An object of the present invention is to provide an electrical energy generation system which operates with high efficiency by utilizing wave energy.

Another object of the present invention is to provide an electricity generation system embodied such that float speed, which exists in free rise while the waves are coming, and the float speed, which exists in free descending as a result of gravity after the waves come, are equal to each other at alternator output.

Another object of the present invention is to provide an electricity generation system which can operate at small wave sizes.

Another object of the present invention is to provide an electricity generation system which realizes bidirectional rotational movement while the floats are rising as a result of waves and while the floats are descending after the waves.

Another object of the present invention is to provide an electricity generation system where bidirectional rotational movement which occurs while the floats are rising as a result of waves and while the floats are descending after the waves is transformed into unidirectional rotational movement for more efficient operation of alternator.

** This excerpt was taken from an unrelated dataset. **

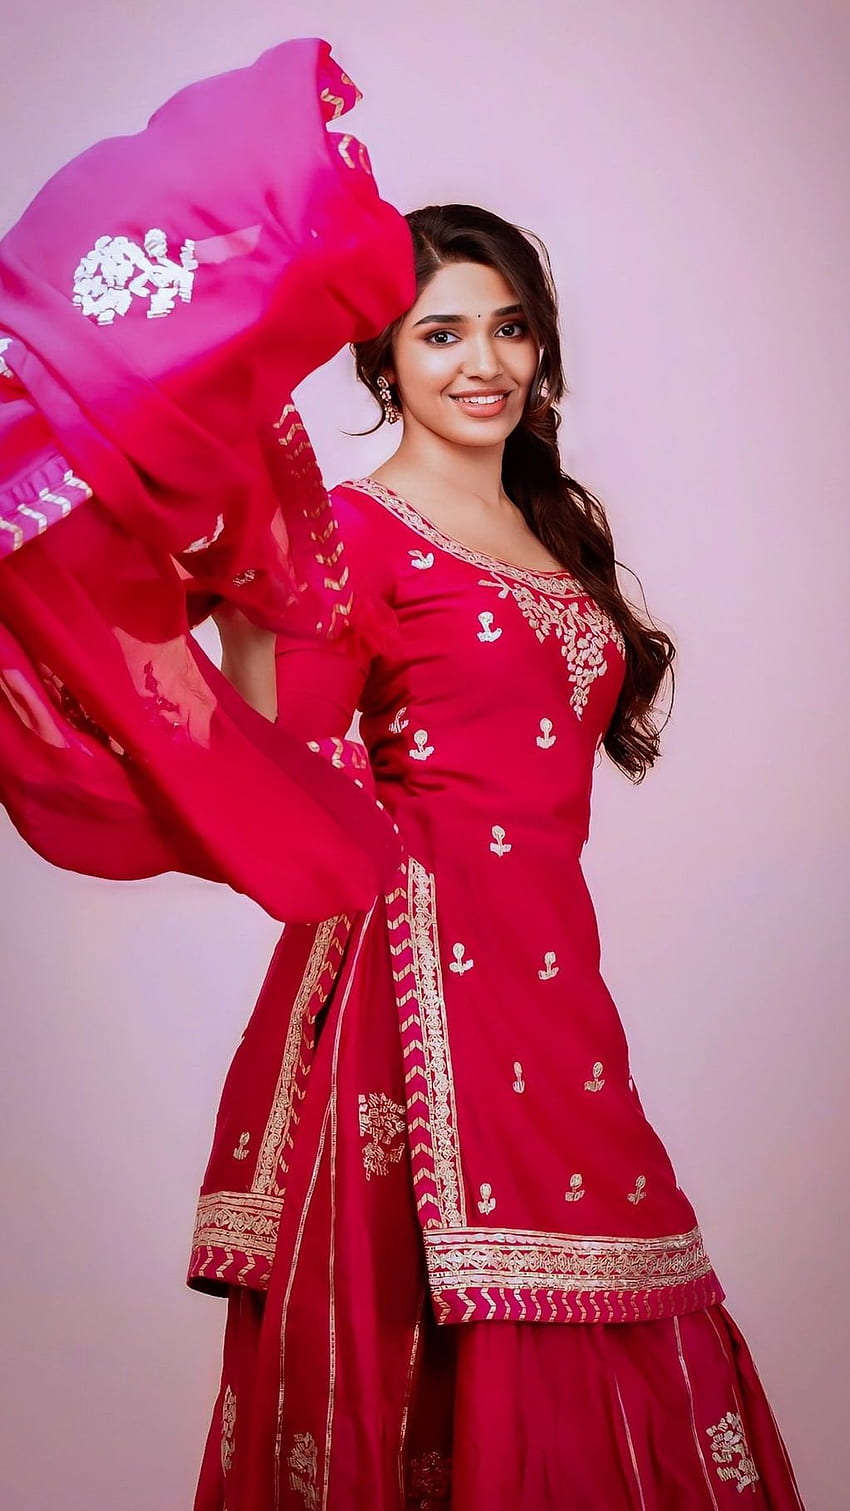 Krithi shetty, aktris telugu wallpaper ponsel HD

In order to realize the abovementioned objects and the objects which are to be deducted from the detailed description below, the present invention is an electricity generation system for generating electrical energy by using wave energy; and associated with at least one float which floats in water which can realize free rise/descend movement depending on wave movement on the water surface by means of at least one input shaft, and associated with at least one alternator which can generate electrical energy from movement transferred by means of at least one output shaft. Accordingly, the improvement is that the subject matter electricity generation system comprises at least one fast rotation mechanism for transforming the free rise/fall movement of said float into rotational movement, and at least one gear mechanism for transferring the movement, which is in forward direction or backward direction and which is received from said fast rotation mechanism, to said alternator in a unidirectional form. Thus, electrical energy is generated even at small wave dimensions. At the same time, by means of free rising/falling movement of the float as the wave approaches and after the wave moves away, electrical energy is generated from wave energy.

In a possible embodiment of the present invention, in order to transfer the movement received from said input shaft and which is in forward direction or in backward direction, the subject matter electricity generation system comprises at least one first bearing associated with the input shaft, at least one second bearing connected to said first bearing by means of at least one first sliding element and which can realize at least partially rotational movement by means of at least one second pin, and at least one rotary element connected to said second bearing by means of at least one second sliding element and by means of at least one arm and which provides transforming at least partially linear movement of the input shaft in forward direction or in backward direction into rotational movement. Thus, wave movement is transformed into rotational movement. By means of this, electrical energy is generated by means of rotational movement.

In another possible embodiment of the present invention, the gear mechanism comprises at least one first gear system and at least one second gear system in order to transform the bidirectional movement of the input shaft, connected to the float, which is in the forward direction or in the backward direction into unidirectional movement. Thus, uninterrupted electrical energy is generated in the free rising/falling movement of the float depending on wave movement.

In another possible embodiment of the present invention, said first gear system comprises at least one first big gear and at least one second big gear, which are connected to each other. Thus, electrical energy is generated in both conditions depending on free rising and falling movement of the float for generating electrical energy.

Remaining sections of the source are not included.